There are also questions about the coastguard’s claim that throughout June 13, the trawler sped towards Italy, covering 30 nautical miles and refusing all help except food and water.

But Alarm Phone, an emergency hotline for refugees that was independently in touch with the trawler, made public an email in which it informed the coastguard that the trawler was “in distress” at 5pm (14:00 GMT), almost nine hours before the coastguard said the trawler’s engines failed.

Alarm Phone did not specify whether the boat had suffered loss of power or control, but a separate investigation by Britain’s BBC broadcaster found that MarineTraffic beacons suggested merchant ships involved in aiding the trawler hovered from about 3pm (12:00 GMT) onwards around the spot where it later sank.

The Greek coastguard has rejected the MarineTraffic evidence.

Finally, there are questions about when the coastguard was present on the scene.

The coastguard said its vessel departed Chania, in western Crete, about 3:30pm (12:30 GMT) and reached the trawler at 10:40pm (19:40 GMT).

According to that timing, the trawler whose top speed is 32 knots would have taken seven hours to cover about 275km (170 miles) to known coordinates. It should have taken five and a half hours.

The coastguard pointed out that it has saved tens of thousands of lives at sea in the past few years and, once boats are overfilled and sail from the North African coast, coastguards in the Mediterranean are facing a dangerous situation whatever they do.

Previous tragedy

That any suspicion hovers over the Greek coastguard is because tows have gone wrong before and because of its growing reputation for pushing refugees back to other countries.

The latest tragedy is reminiscent of one in February 2014 when the coastguard caused a sailing boat to capsize off Farmakonisi in the east Aegean Sea by towing it at high speed.

Eleven Afghan women and children were drowned in its hold. The three fathers and husbands, who survived, said the coastguard had been trying to tow them back towards Turkey.

The coastguard said it was towing them to Farmakonisi, but the fathers said: “We knew we were going to Turkey because the lights on the shore there were orange, whereas the lights on Farmakonisi were white.”

Such pushbacks became the norm after March 2020 when Turkey announced it would no longer abide by the terms of an agreement with the European Union in which both sides pledged to hold back and readmit asylum seekers and irregular migrants.

The missing passengers

Relatives of the passengers on the capsized trawler have been arriving in Greece to find their loved ones. A few have been lucky. Many are not.

Ahmad Ayadi Shoaib travelled from Italy to the Malakasa reception camp, 40km (24 miles) north of Athens, looking for his nephew Mohammed.

Malakasa is where survivors were taken to be documented.

“I had invited my nephew officially, but he came on his own,” Shoaib said. “He was one of 33 boys, all 17 years old, who left without their fathers’ consent and went to Libya.”

Once in the smugglers’ clutches, Mohammed had second thoughts.

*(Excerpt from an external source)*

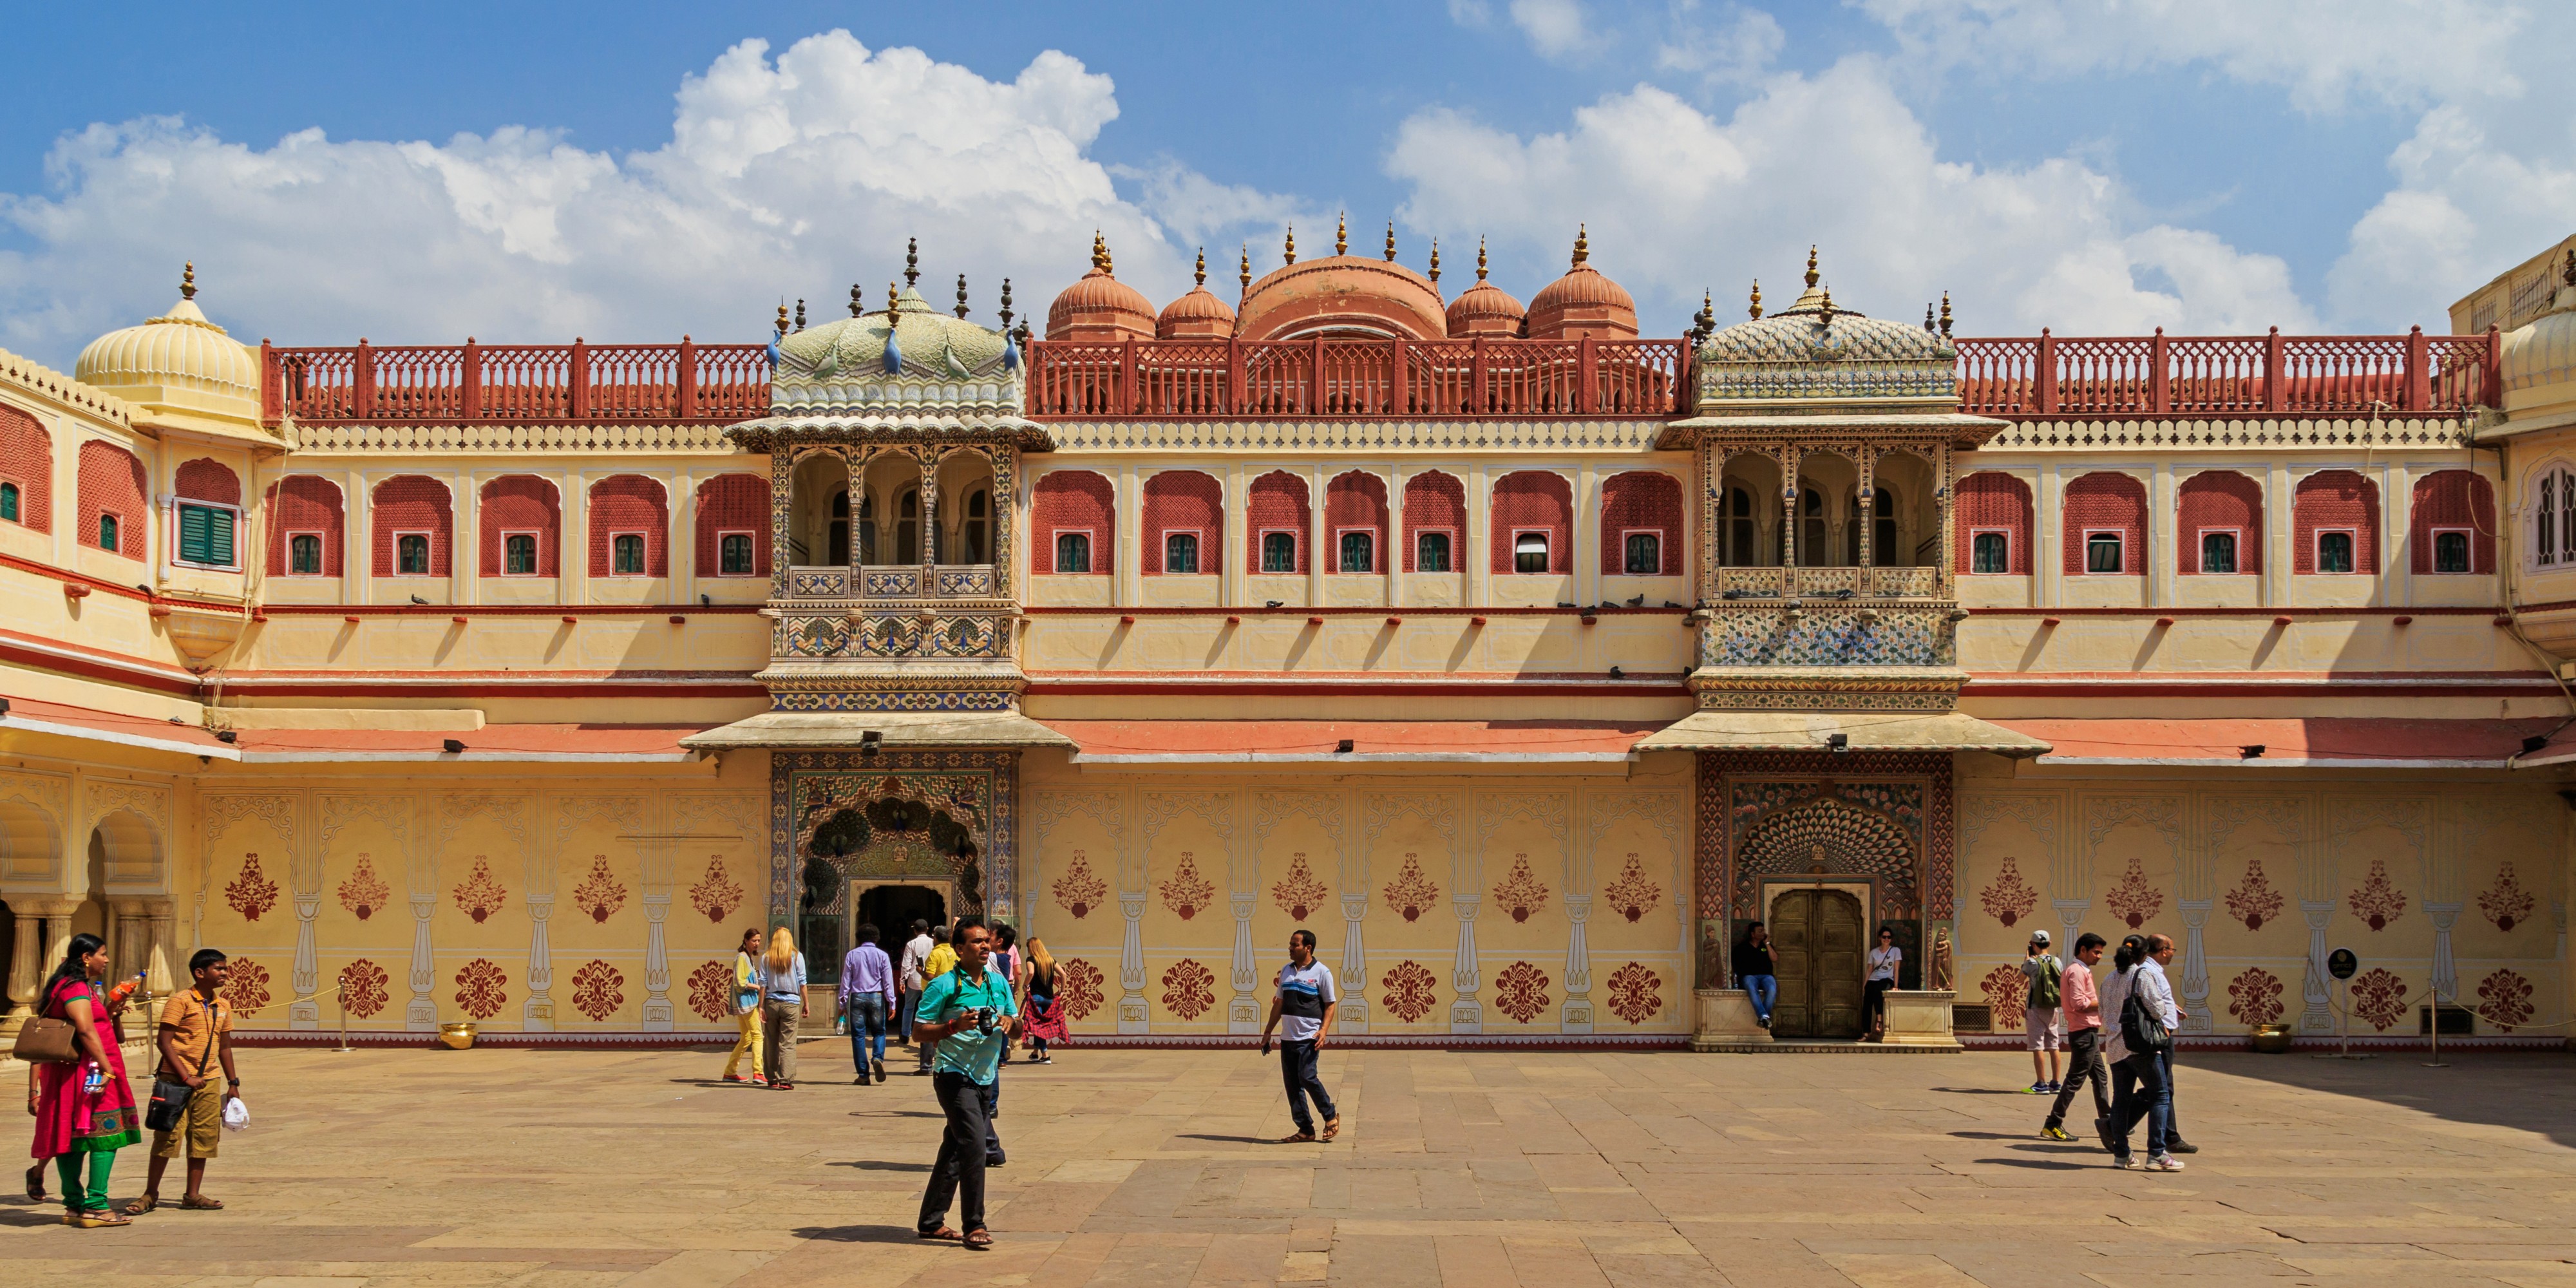 Jaipur 03-2016 21 City Palace complex

“When he got to Libya, he asked for money to go back to Egypt,” Shoaib said. “But the smugglers demanded money from the boys’ fathers, or they said they would kill the boys.”

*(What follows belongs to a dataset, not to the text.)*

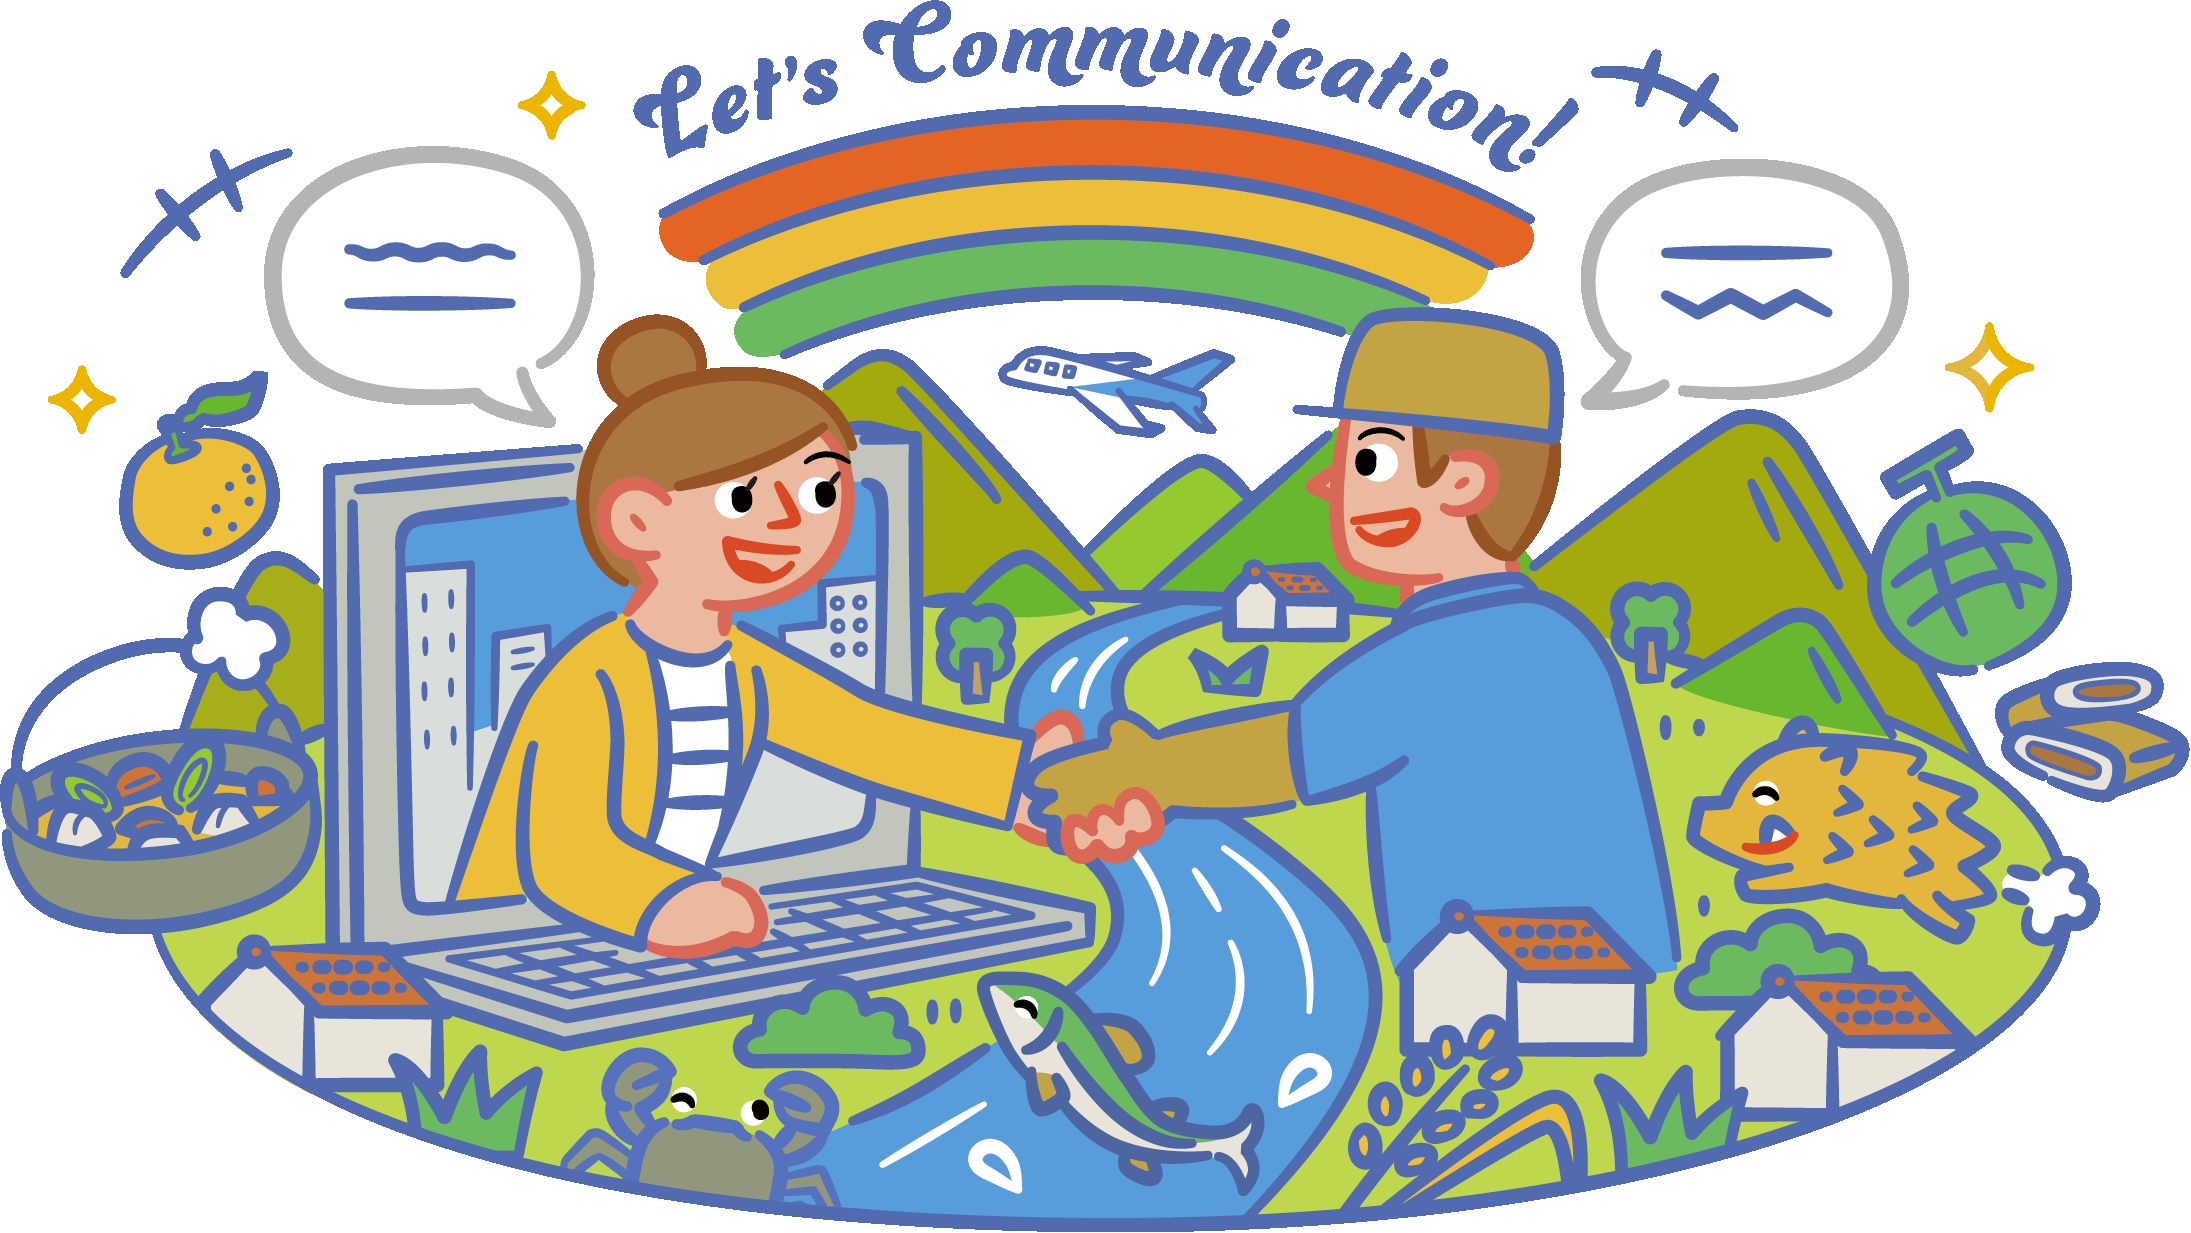 Let's Communication!

Shoaib did not find Mohammed on the day Al Jazeera spoke to him. His nephew along with dozens of his friends may be at the bottom of the Ionian Sea.

Greece migration
Usman Siddique [John Psaropoulos/Al Jazeera]

The human toll of this tragedy led one survivor to return home.

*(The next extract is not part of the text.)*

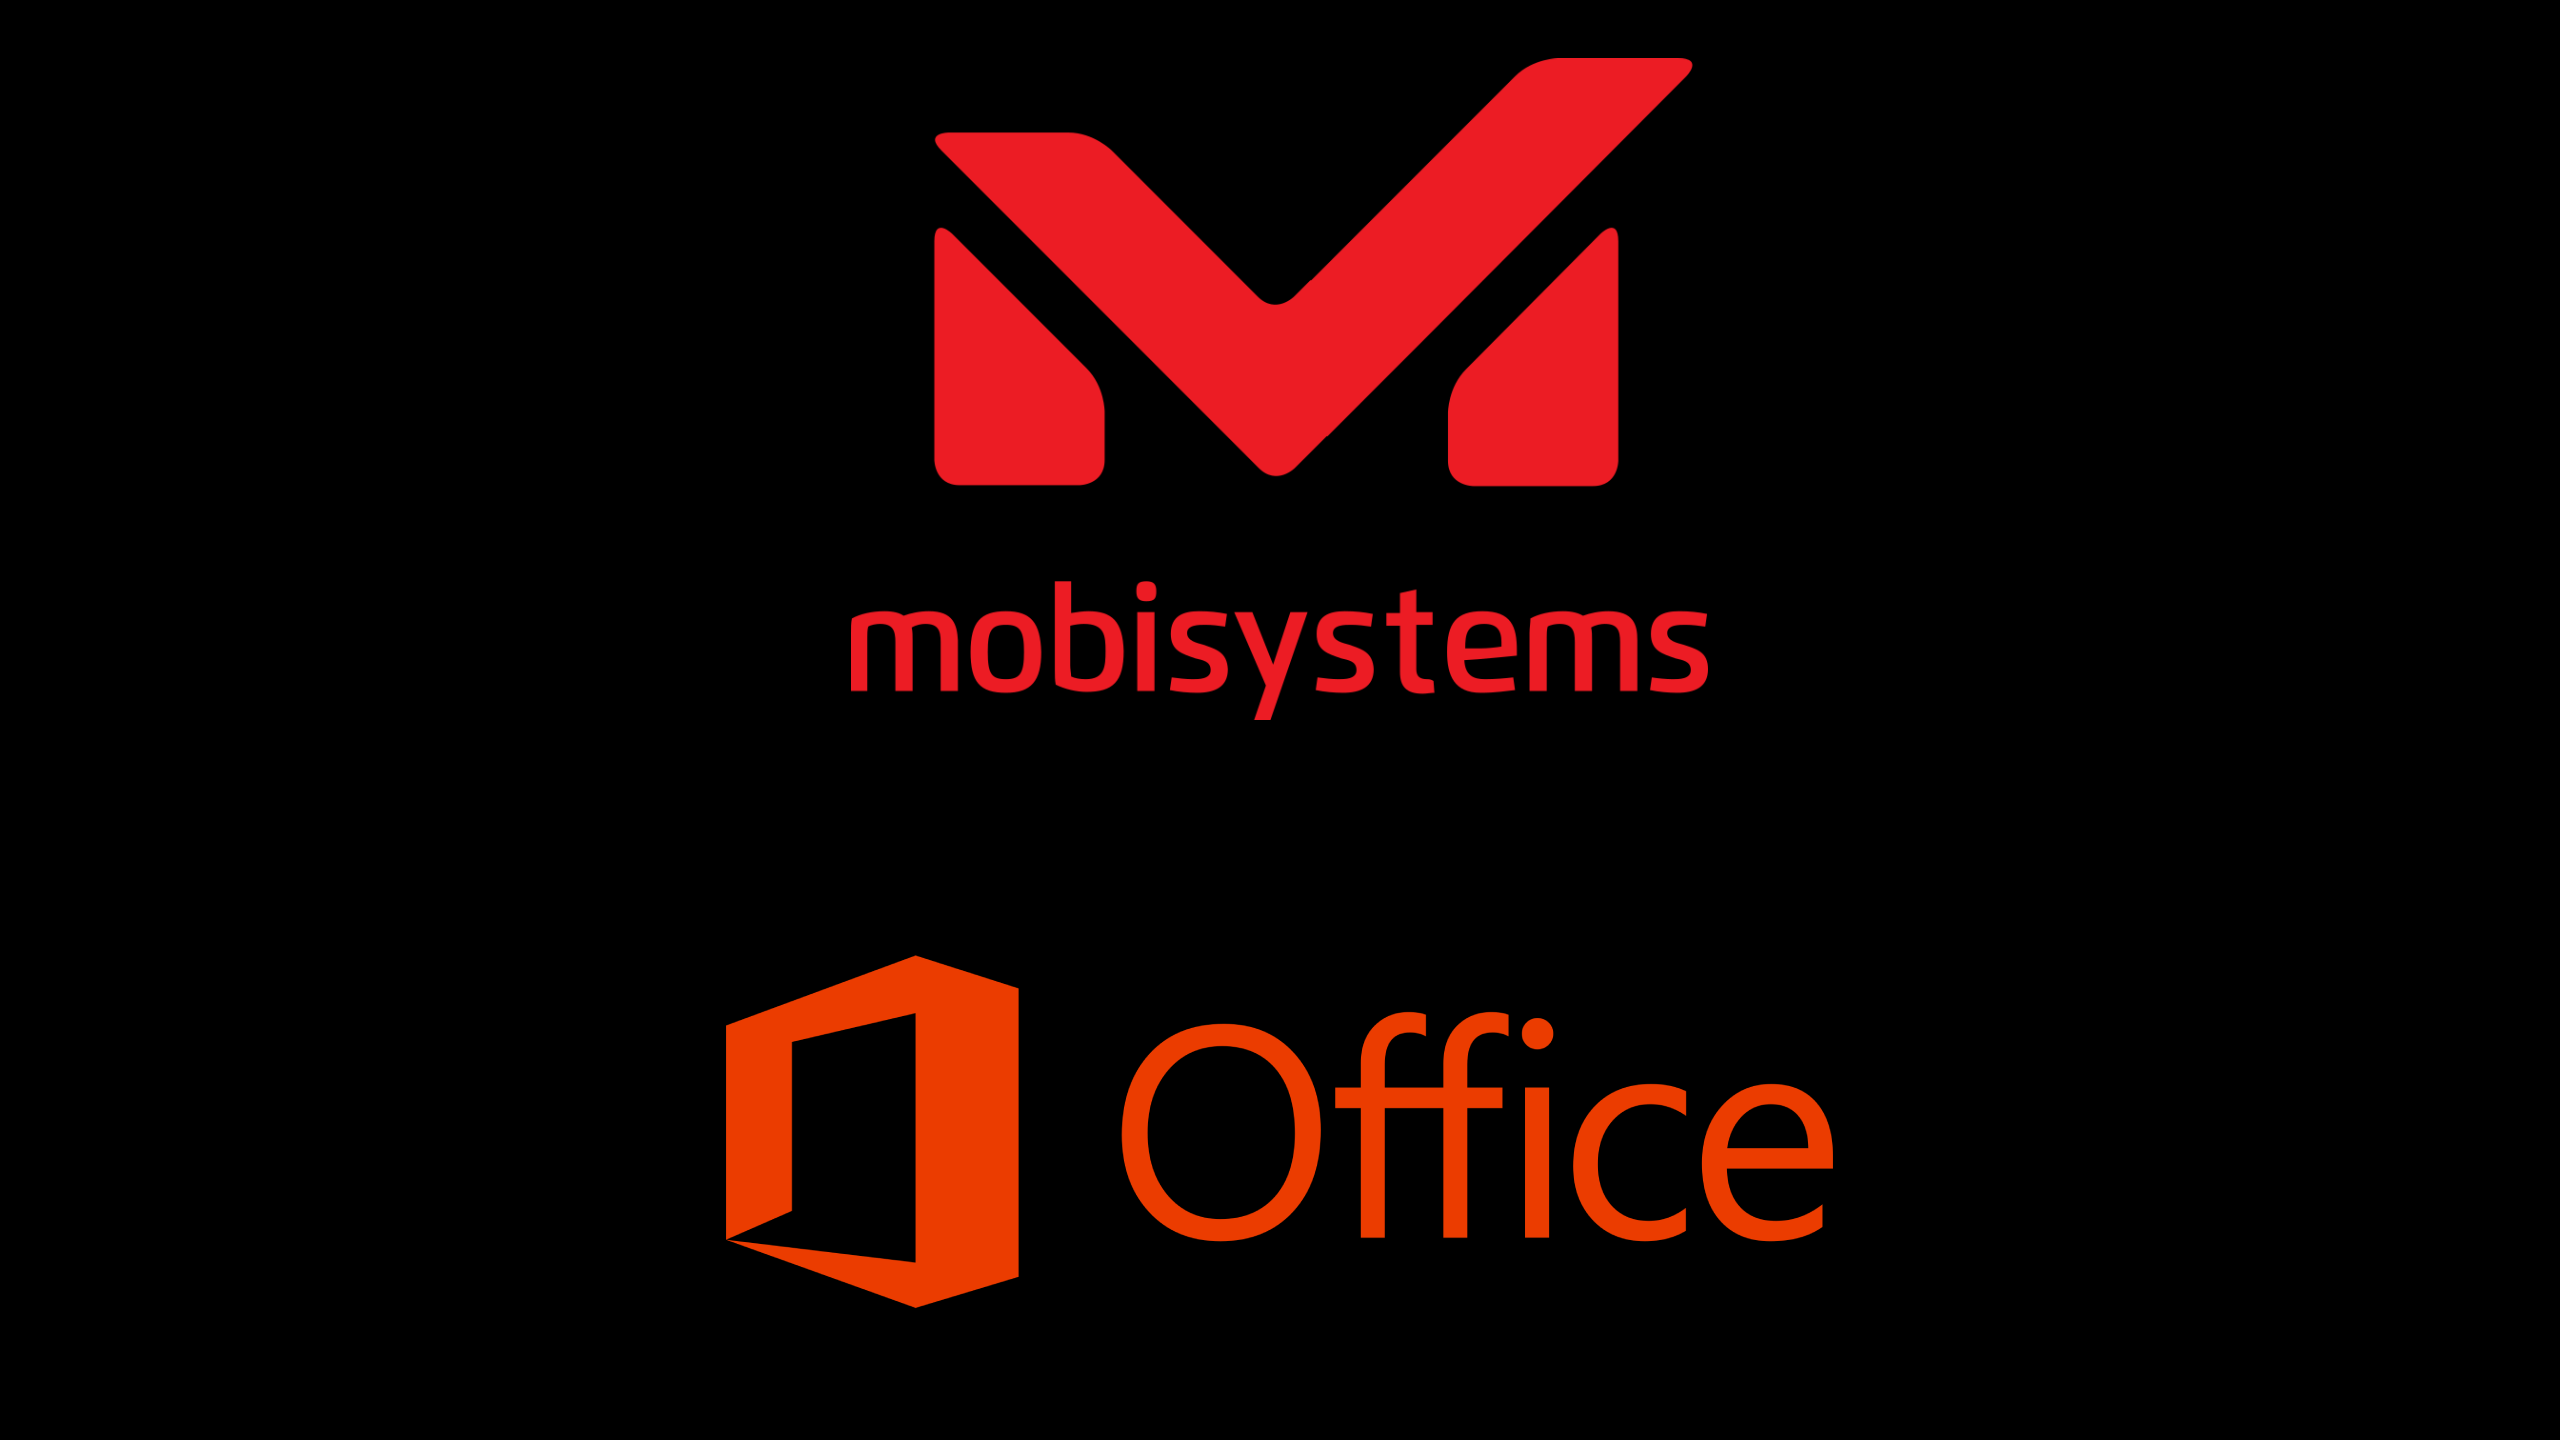 Microsoft Office Suite Vs MobiSystems Office Suite: Ultimate Comparison

Usman Siddique, a policeman from Gujrat in eastern Pakistan, had originally set out to make a better living in Europe for his wife and son. After talking to his father on the phone, he decided to go home.

“After two months [away], I was talking to my father and mother. He was crying day and night, saying, ‘Come back. Come back home, Come back to home.’ It’s a very tough time for me.”